Unsolved
1 Message
0
511
June 17th, 2021 06:00
R740 CPU overloading with real-time scientific floating-point calculations
Greetings,
I am the simulator hardware and configuration engineer at a nuclear power plant, and am tasked with maintaining the various computer and network systems as well as the physical interfaces of a nuclear reactor training simulator. I am currently struggling with a performance issue related to ongoing software upgrades. Apologies in advance for the lengthy post, but I wanted to be as thorough as possible.
Our infrastructure begins with a primary and backup R740 server, each with two Xeon Gold 6136 12-core 3.0 GHz processors, 96 Gb DDR4-2666, 6xSSD in striped AHCI configuration, running Server 2016. At any given point, one server is connected to a multitude of TCP/IP based instrumentation interfaces as well as a GE-Fanuc VMIS system that manages physical inputs and outputs (switches, lights, meters, etc.). The other server is attached to the network but does not share any active simulation load, but rather serves as both a redundant backup and development test bed. The software being run is a simulator suite that performs real-time scientific floating point calculations to mimic various systems associated with nuclear reactors. Each system model runs in a separate thread, and is coordinated by an executive program that verifies calculation timing from each model and coordinates variable data transfer to the various IOs. A complete data calculation cycle is completed 4 times per second as a balance between calculation loading and operational realism. The executive program also includes the ability to monitor processor demand above 100% and flag/count incomplete calculation cycles. Because of regulatory requirements, the maximum satisfactory amount is zero incomplete calculations.
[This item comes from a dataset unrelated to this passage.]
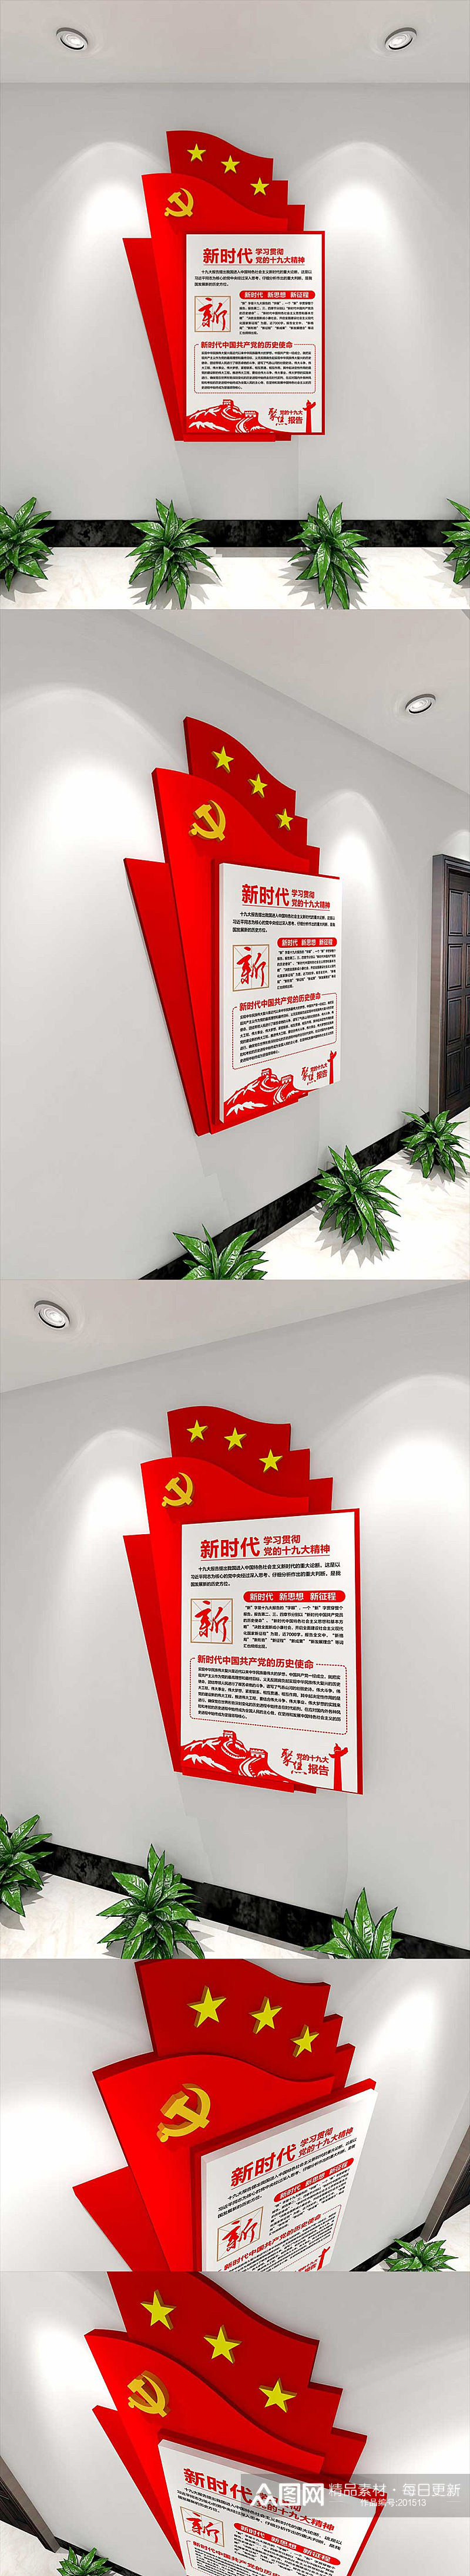 党员活动室走廊3D立体党建文化墙素材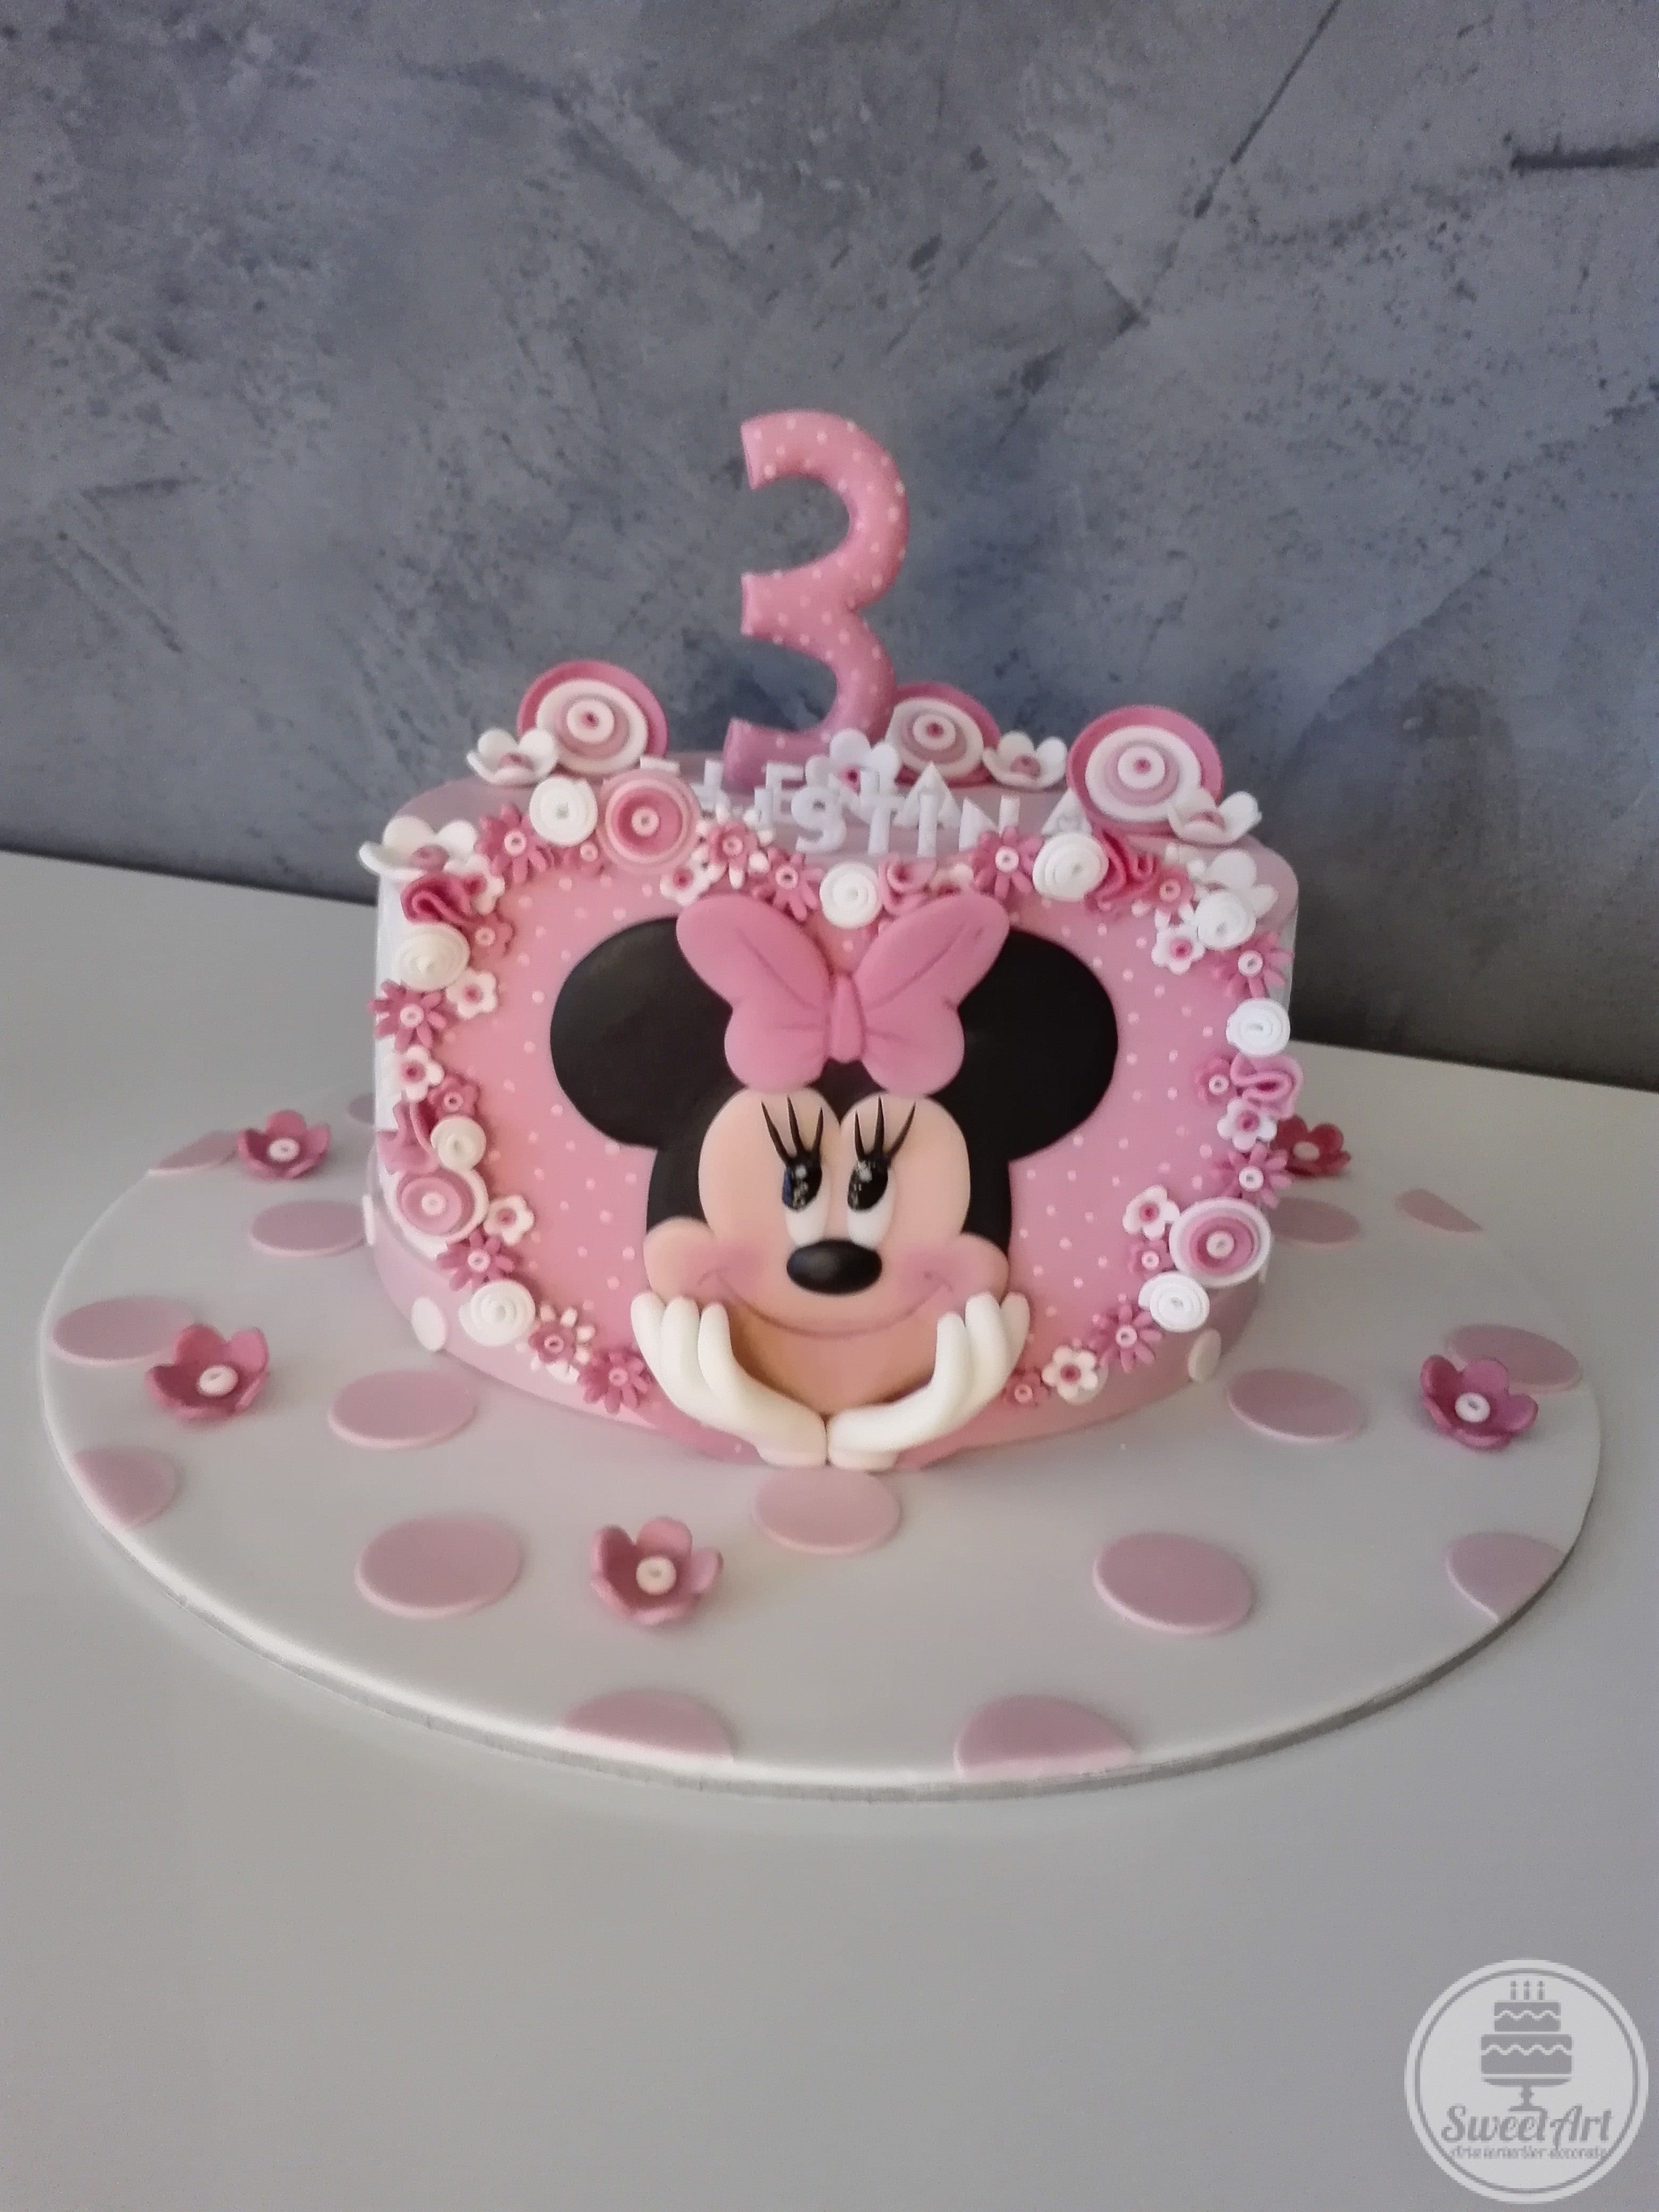 Tort inimă mare roz cu Șoricica Minnie – Minnie Mouse 2D, buline mici albe și multe, multe floricele albe și roz, tort alb cu buline roz și flori

During previous optimization tests, we determined that max performance was found with 6 of the 12 cores per CPU enabled and logical CPUs disabled.
We are currently coordinating with our software vendor to upgrade our thermal-hydraulic model to one that more accurately encompasses accident-range scenarios, and have run into a single-thread bottleneck in the processing of the upgraded model. On initial testing the core model was demanding roughly 265% processor load on the individual core running the thermal-hydraulic model. For data collection purposes, I re-enabled logical cores, at which point demand rose to 350%. We were able to run the model successfully on a development workstation with a single i7 4-core 3.6 GHz processor, 16 GB DDR4-2400, and running Windows 10 on NVME, but based on our existing infrastructure including TCP/IP connections, a Win10 workstation is not an option.
Based on the successful workstation run, I updated BIOS to 2.11.2 then upgraded the CPUs to Xeon Gold 6244 8-core at 3.6 GHz, and I have been massaging performance-oriented BIOS settings. I have gotten CPU demand down to 105%, at 6 cores per CPU with logical processors disabled, RAM optimized, MWaitDisabled, all prefetches enabled, turbo enabled, C states disabled, and power management set to performance, but it is still missing calculations and I have not been able to find any ways to further reduce demand.
Based on concurrent information from performance monitor, it does not appear as though RAM, pagefile, power, or cooling are the issue, and based on the successful workstation runs I believe reaching 90-95% core demand with no data slips is still possible on the server. While I understand my particular use-case is fairly unique, I imagine there have been other users needing high-performance scientific applications that have experienced and overcome bottleneck issues on this or a similar platform that might be able to shed some light on something that I am likely overlooking. Any help or suggestions would be greatly appreciated.
Thanks in advance,
Buck


DELL-Charles R
Moderator
•
4.7K Posts
•
25.5K Points
0
June 17th, 2021 11:00
Hello Buck
My first recommendation would be make sure the system board management firmware are current : BIOS, CPLD, iDRAC
The BIOS you have 2.11.2 is current.
CPLD Version 1.1.4
https://dell.to/3wvJV9n
Note: should be installed alone. See Important Information at bottom of the page.
iDRAC 4.40.40.00
https://dell.to/3gvPtv0
Are you seeing any errors or faults on the System Event Log or LifeCycle Controller Log in the DRAC?
Try these System Setup selections.
Processor settings screen : https://dell.to/3gzn2wb
System Profile Settings screen : https://dell.to/3q2zgRf
In the Processor Settings, set the Number of Cores per Processor to the desired value.
In the Processor Settings, set Dell Controlled Turbo to Enabled.
Set the System Profile option in BIOS to Custom mode
Set CPU Power Management to Maximum Performance mode
Set the Turbo Boost mode to Enabled
Please let me know how it goes.